1! = 1. Divisible by 2^0
2! = 2. Divisible by 2^1
3! = 6. Divisible by 2^1
4! = 24. Divisible by 2^3
5! = 120. Divisible by 2^3
6! = 720. Divisible by 2^4
7! = 5040. Divisible by 2^4
8! = 40320. Divisible by 2^7
9! = 362880. Divisible by 2^7
10! = 3628800. Divisible by 2^8
11! = 39916800. Divisible by 2^8
12! = 479001600. Divisible by 2^10
13! = 6227020800. Divisible by 2^10
14! = 87178291200. Divisible by 2^11
15! = 1307674368000. Divisible by 2^11
16! = 20922789888000. Divisible by 2^15
17! = 355687428096000. Divisible by 2^15
18! = 6402373705728000. Divisible by 2^16
19! = 121645100408832000. Divisible by 2^16
20! = 2432902008176640000. Divisible by 2^18
21! = 51090942171709440000. Divisible by 2^18
22! = 1124000727777607680000. Divisible by 2^19
23! = 25852016738884976640000. Divisible by 2^19
24! = 620448401733239439360000. Divisible by 2^22
25! = 15511210043330985984000000. Divisible by 2^22
26! = 403291461126605635584000000. Divisible by 2^23
27! = 10888869450418352160768000000. Divisible by 2^23
28! = 304888344611713860501504000000. Divisible by 2^25
29! = 8841761993739701954543616000000. Divisible by 2^25
30! = 265252859812191058636308480000000. Divisible by 2^26
31! = 8222838654177922817725562880000000. Divisible by 2^26
32! = 263130836933693530167218012160000000. Divisible by 2^31
33! = 8683317618811886495518194401280000000. Divisible by 2^31
34! = 295232799039604140847618609643520000000. Divisible by 2^32
35! = 10333147966386144929666651337523200000000. Divisible by 2^32
36! = 371993326789901217467999448150835200000000. Divisible by 2^34
37! = 13763753091226345046315979581580902400000000. Divisible by 2^34
38! = 523022617466601111760007224100074291200000000. Divisible by 2^35
39! = 20397882081197443358640281739902897356800000000. Divisible by 2^35

Answer 2

Each multiplication appends zero bits from the right until at some iteration left-most bits gets discarded because of overflow.

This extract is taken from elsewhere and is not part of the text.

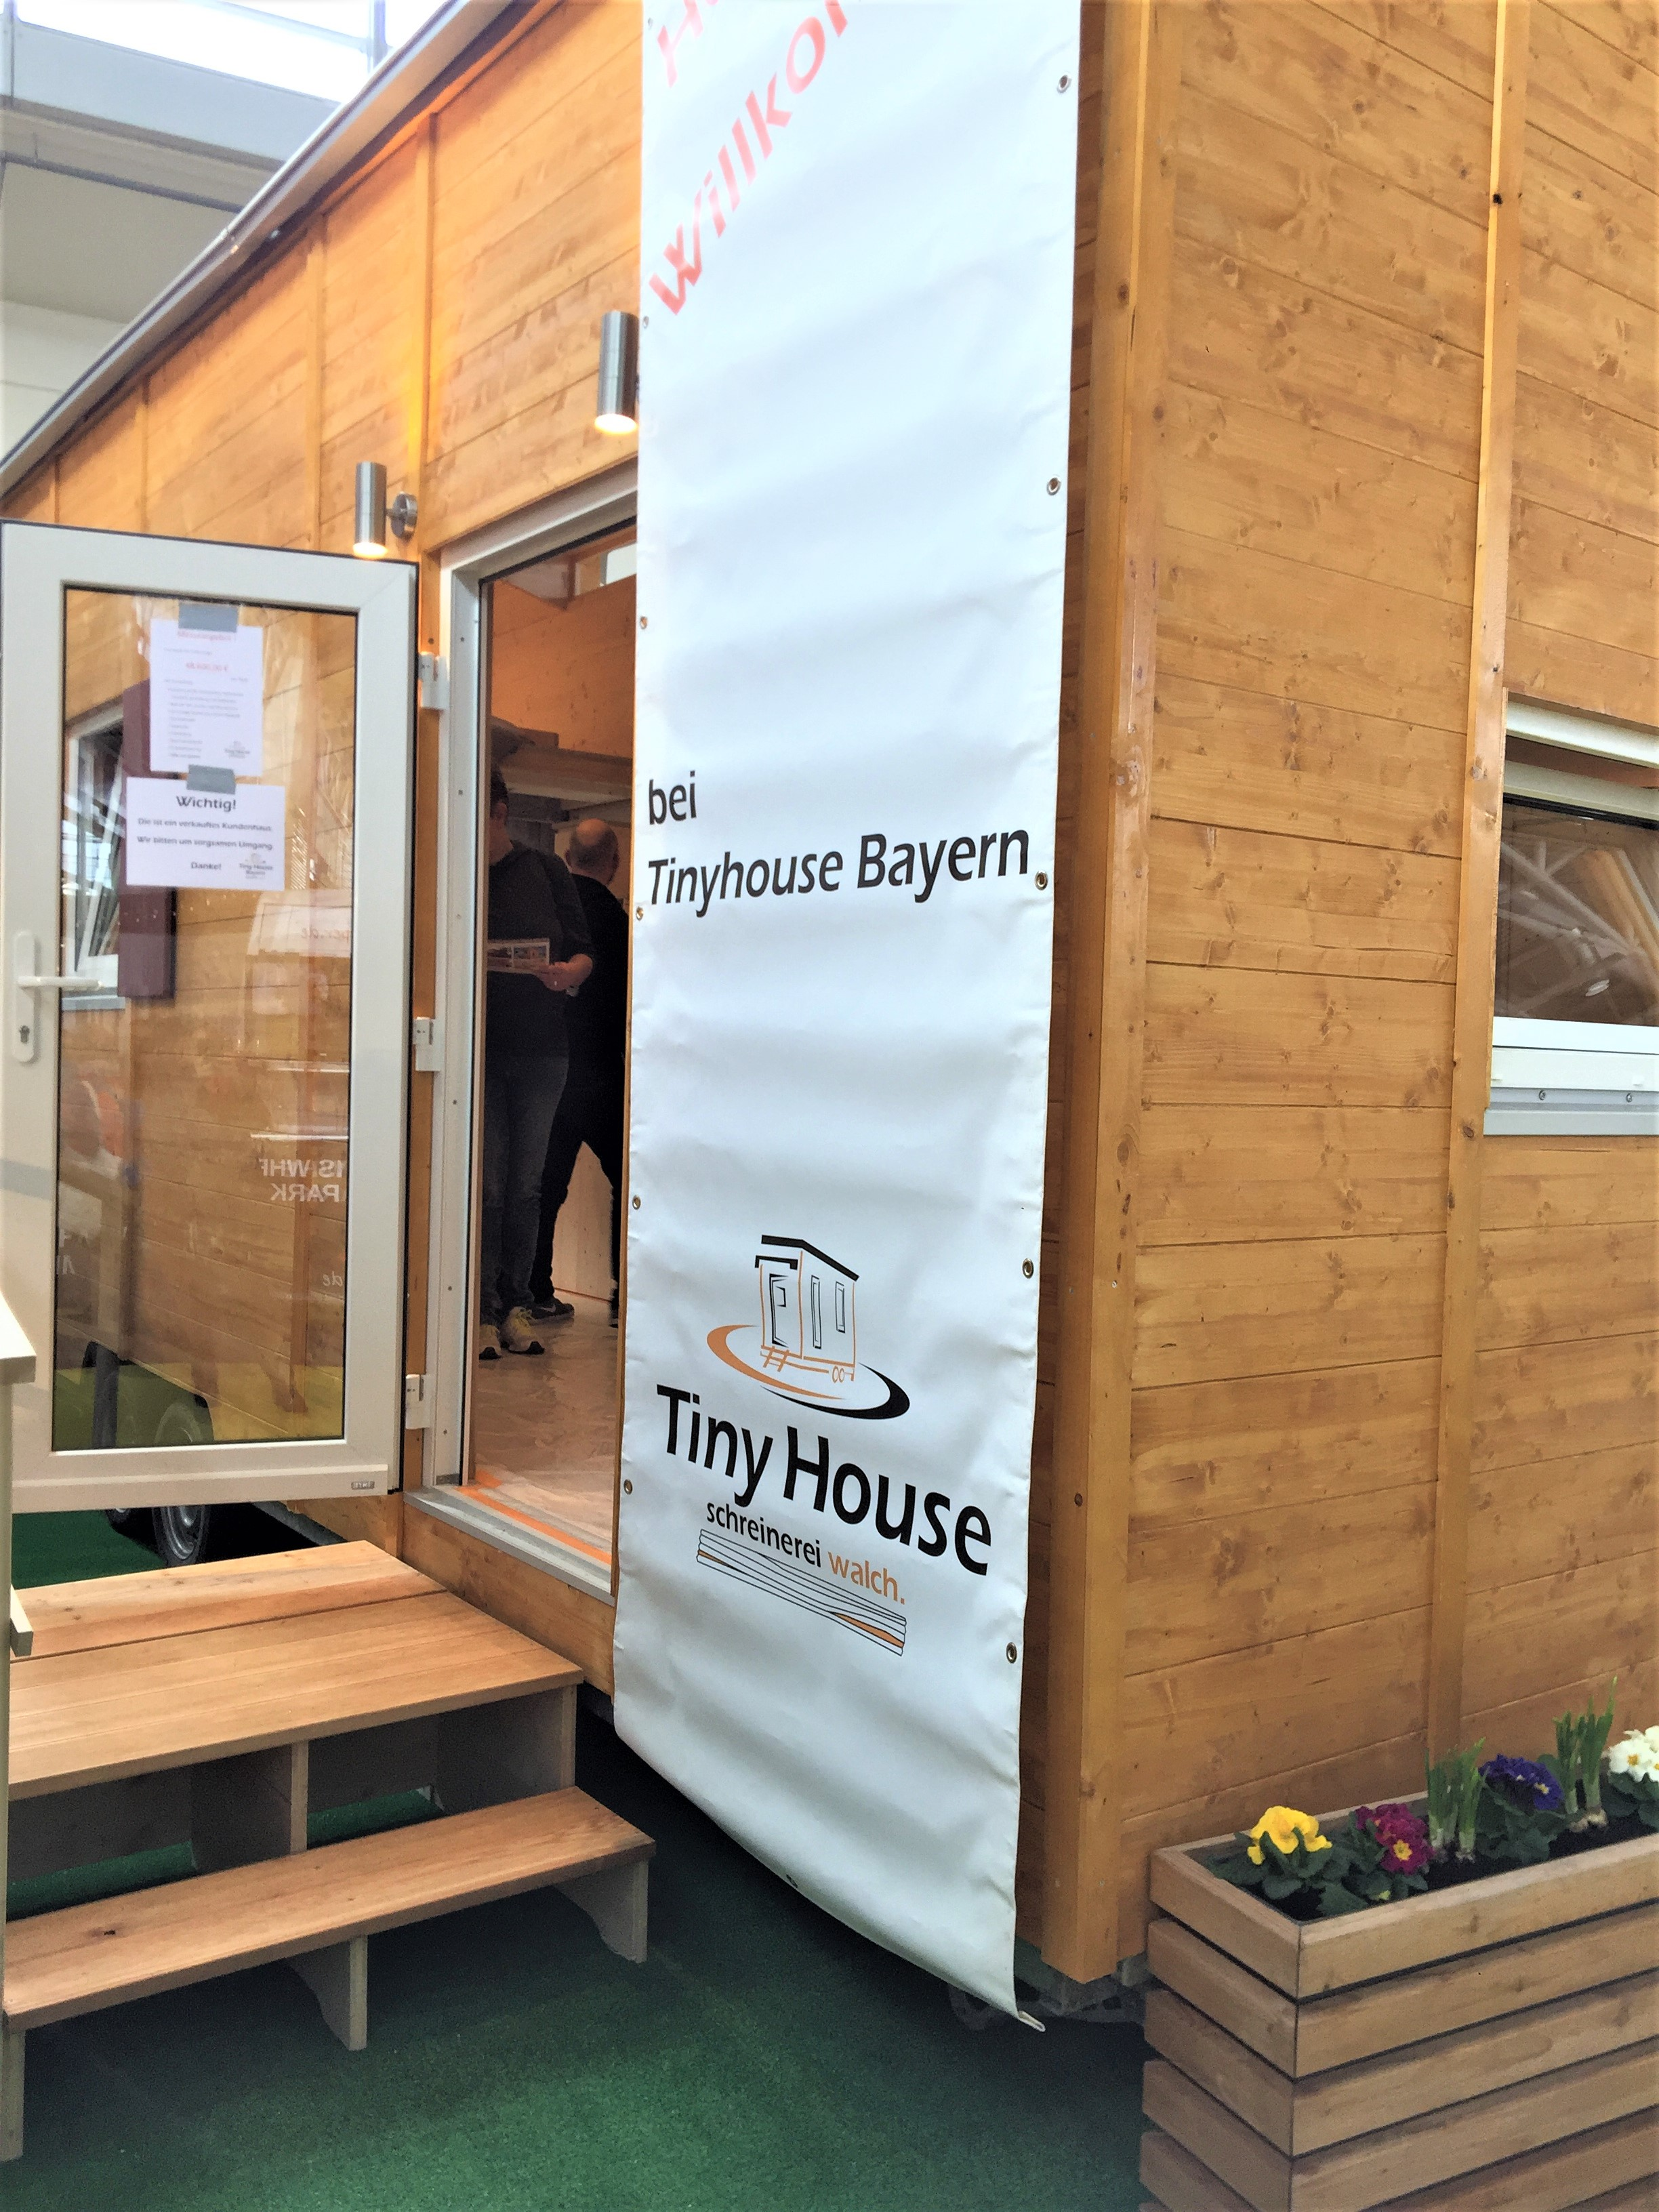 Tiny House München free Reisemesse
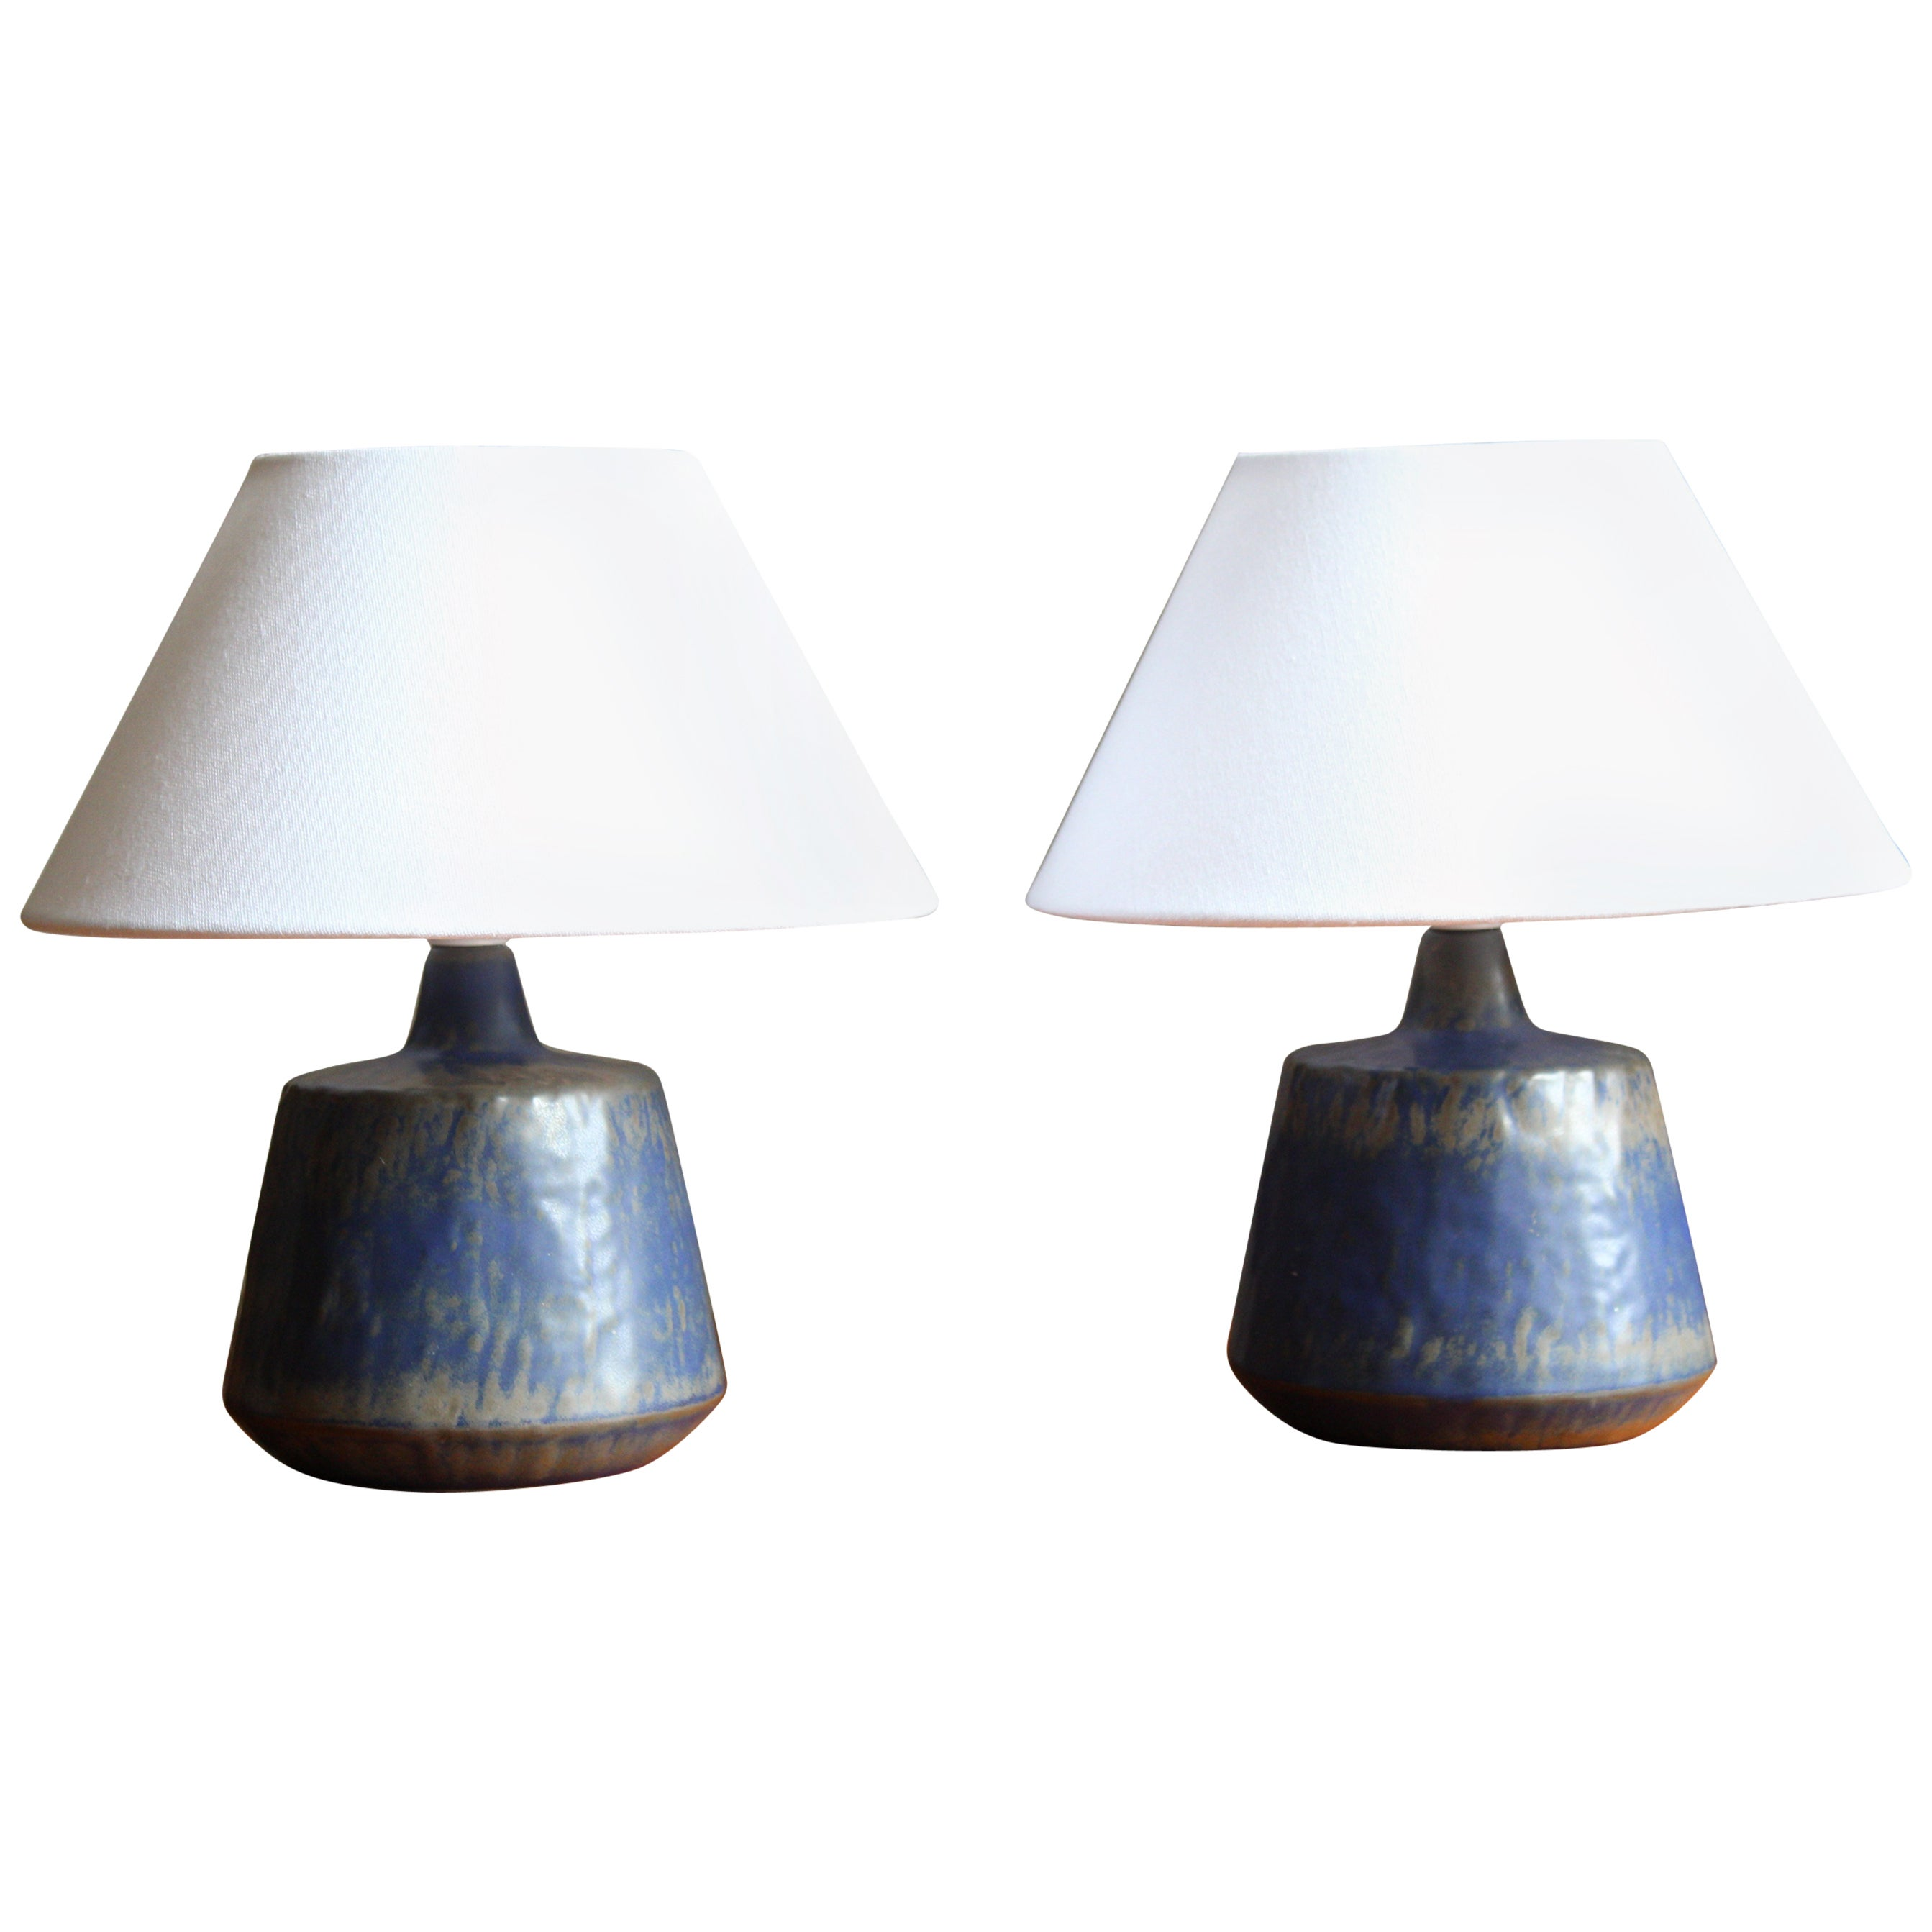 Gunnar Nylund, Table Lamps, Blue-Glazed Stoneware, Rörstand, Sweden, 1950s

Effect in action:

    int i, x=1;
    for (i=1; i <=50; i++) {
        x *= i;
        for (int i = 31; i >= 0; --i) {
            printf("%i",(x >> i) & 1);
        }
        printf("\n");
    }

Output bits:

00000000000000000000000000000001
00000000000000000000000000000010
00000000000000000000000000000110
00000000000000000000000000011000
00000000000000000000000001111000
00000000000000000000001011010000
00000000000000000001001110110000
00000000000000001001110110000000
00000000000001011000100110000000
00000000001101110101111100000000
00000010011000010001010100000000
00011100100011001111110000000000
01110011001010001100110000000000
01001100001110110010100000000000
01110111011101110101100000000000
01110111011101011000000000000000
11101110110011011000000000000000
11001010011100110000000000000000
00000110100010010000000000000000
10000010101101000000000000000000
10111000110001000000000000000000
11100000110110000000000000000000
00110011100000000000000000000000
11010000000000000000000000000000
10000000000000000000000000000000
00000000000000000000000000000000

Notice that before we get zero - we get INT_MIN. Appending yet another zero bit - discards sign bit and thus from INT_MIN we get plain zero.